George Maniakes (, transliterated as Georgios Maniaces, Maniakis, or Maniaches, ,  ; died 1043) was a prominent general of the Byzantine Empire of Byzantine Greek origin                                                               
 during the 11th century. He was the catepan of Italy in 1042. He is known as Gyrgir in Scandinavian sagas. He is popularly said to have been extremely tall and well built, almost a giant.

Biography
Maniakes was a Greek general of the Byzantine Empire who first became prominent during a campaign in 1030–1031, when the Byzantine Empire was defeated at Aleppo but went on to capture Edessa from the Arabs. His greatest achievement was the partial reconquest of Sicily from the Arabs beginning in 1038. Here, he was assisted by the Varangian Guard, which was at that time led by Harald Hardrada, who later became king of Norway.  There were also Norman mercenaries with him, under William de Hauteville, who won his nickname Iron Arm by defeating the emir of Syracuse in single combat.

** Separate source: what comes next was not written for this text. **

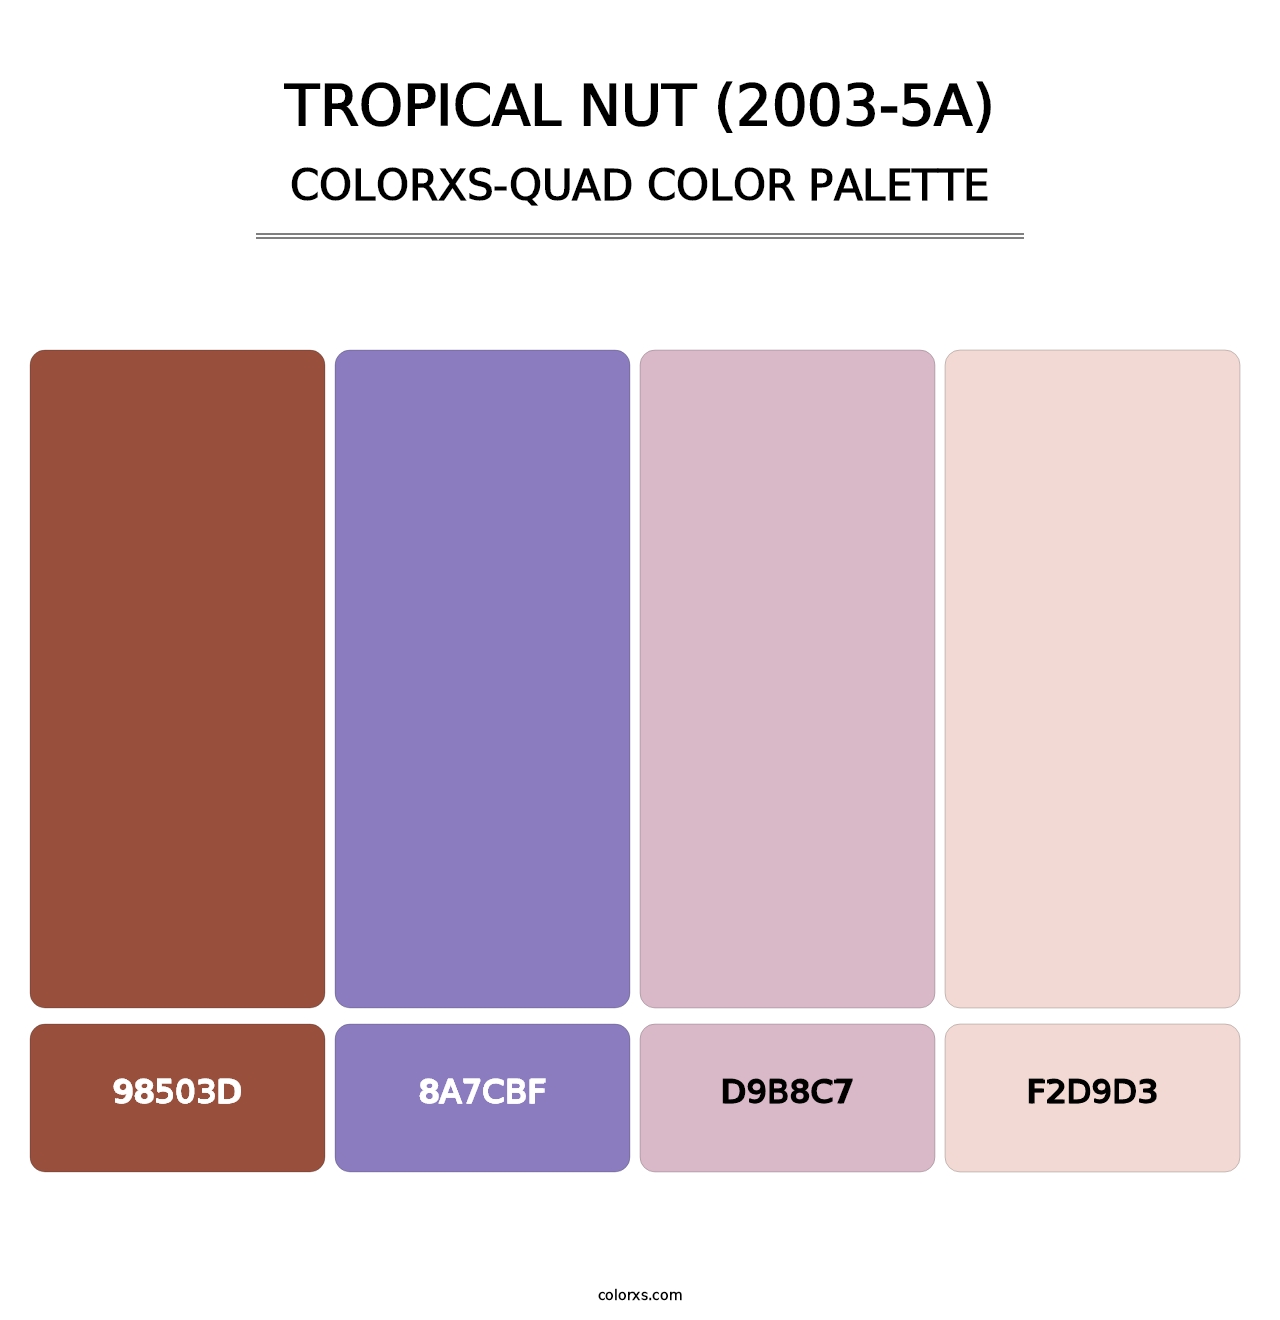 Tropical Nut (2003-5A) - Colorxs Quad Palette
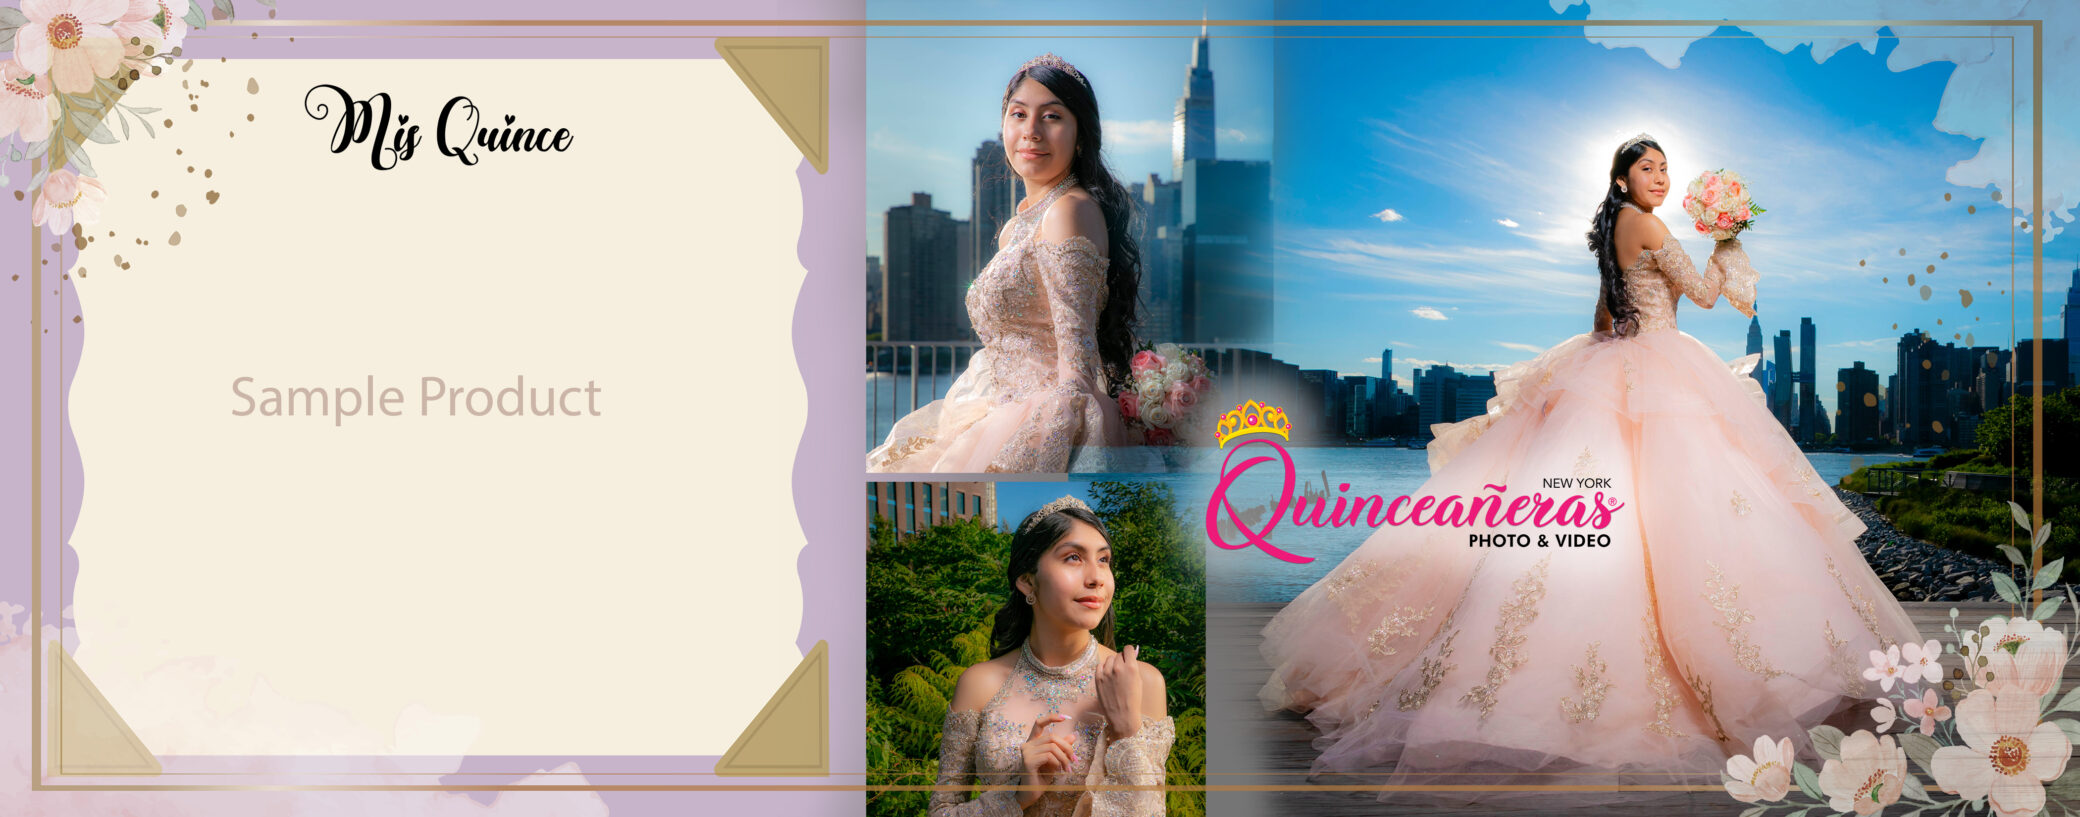 Tips para tus Invitaciones de Quinceañera o Sweet Sixteen - Foto y video  para Quinceañeras Sweet Sixteens New York .

However, he soon ostracized his admiral, Stephen, whose wife was the sister of John the Eunuch, the highest ranking man at court. He then publicly humiliated Arduin, leader of the Lombard contingent, which caused them to desert, along with the Normans and Norsemen. In response, he was recalled by the emperor Michael IV, who was also Stephen's brother-in-law. Although the Arabs soon took the island back, Maniakes' successes there later inspired the Normans to invade Sicily themselves.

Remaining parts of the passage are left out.